As per a newly enacted legislation on Wednesday, sales of gold bars will now be subjected to a 0.1% tax, as declared by the National Assembly. However, the responsibility of determining the tax threshold and the schedule of implementation has been delegated to the government.
The government has previously expressed its stance that taxing gold is a crucial measure in order to limit speculation and facilitate the redirection of more resources towards the economy. The establishment of a taxable threshold is aimed at excluding those individuals who engage in the buying and selling of gold as a form of investment rather than for speculation.

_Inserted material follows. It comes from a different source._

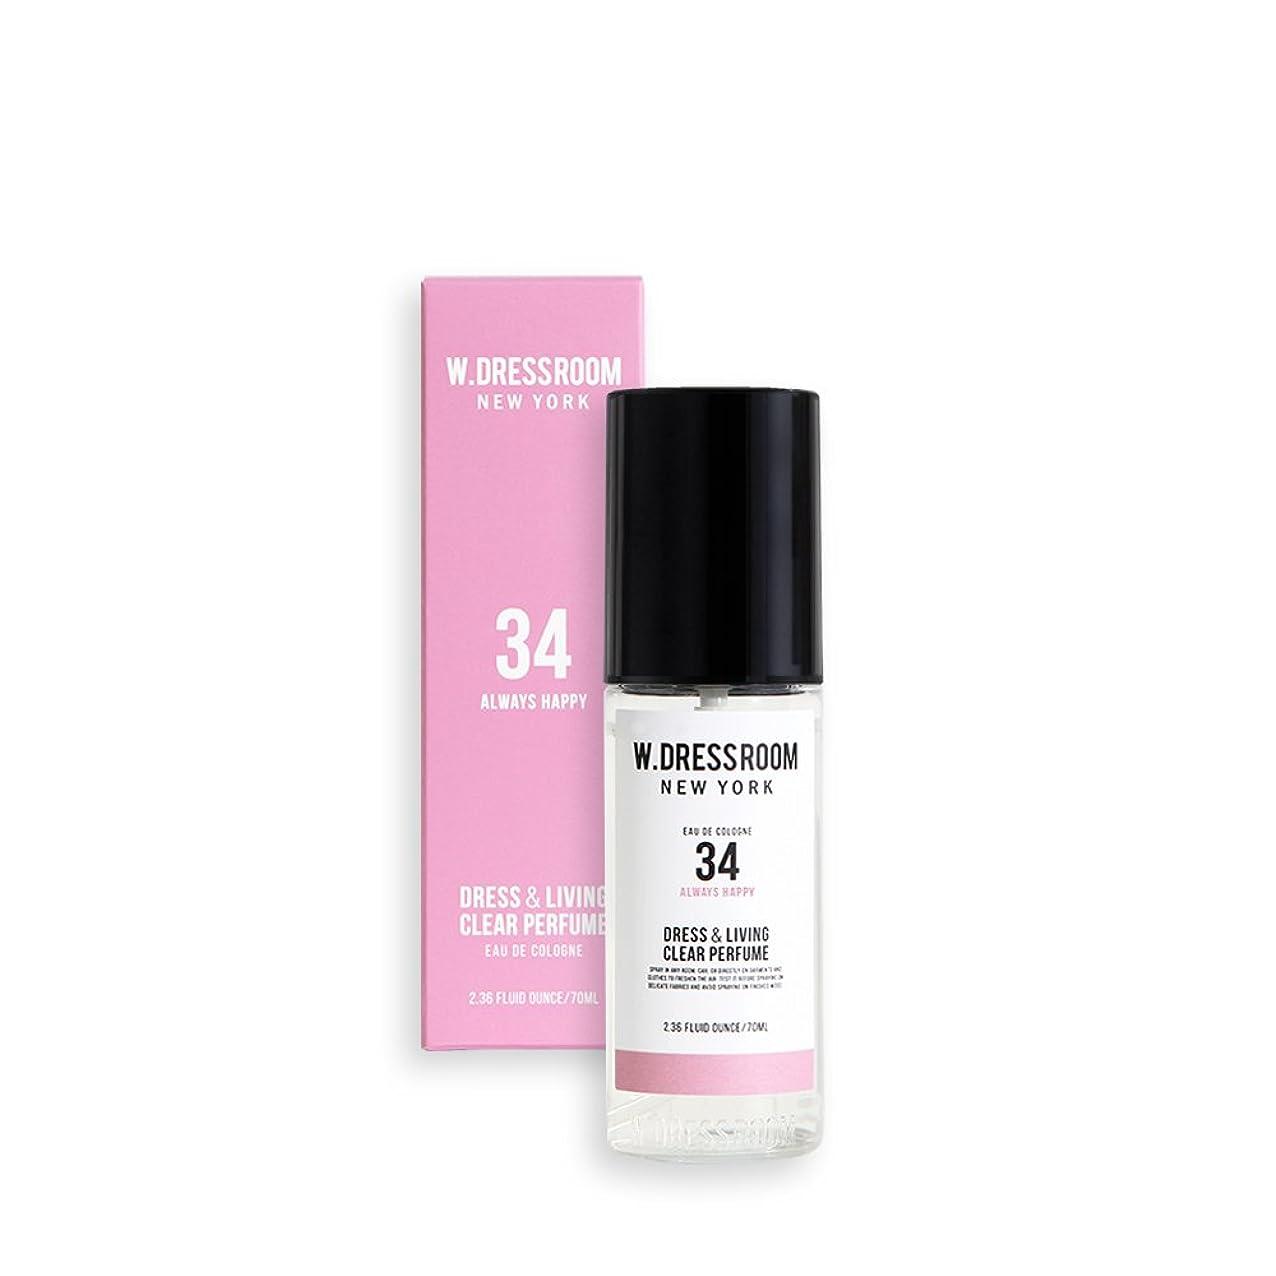 マウスピース接地悪用W.DRESSROOM Dress & Living Clear Perfume 70ml/ダブルドレスルーム ドレス&リビング クリア パフューム 70ml (#No.34 Always Happy) [並行輸入品]

Investment in gold is a common practice in Vietnam, and the act of selling gold has never been subjected to taxation in the past.
Industry analysts have voiced their opinions that the taxation of gold could potentially establish a more balanced environment for all asset classes. The domestic gold market has been a source of major concern for lawmakers due to its volatility, with gold prices witnessing a hike of over 80% since the beginning of the current year.
At the time of publishing, the price of gold was hovering around VND153.7 million (equivalent to US$5,829.60) for a tael of 37.5 grams, marking 15% higher than the global rates.
Why has the government decided to tax gold sales?
The government views this taxation as a necessary step to curb speculation and channel more resources into the economy.
What does the establishment of a “taxable threshold” imply?
The taxable threshold is intended to exempt individuals who buy and sell gold as an investment, not for speculation.
How does this new tax regulation impact the domestic gold market?
The new tax regulation could potentially create a more balanced field for all asset classes and help control the volatility in the domestic gold market.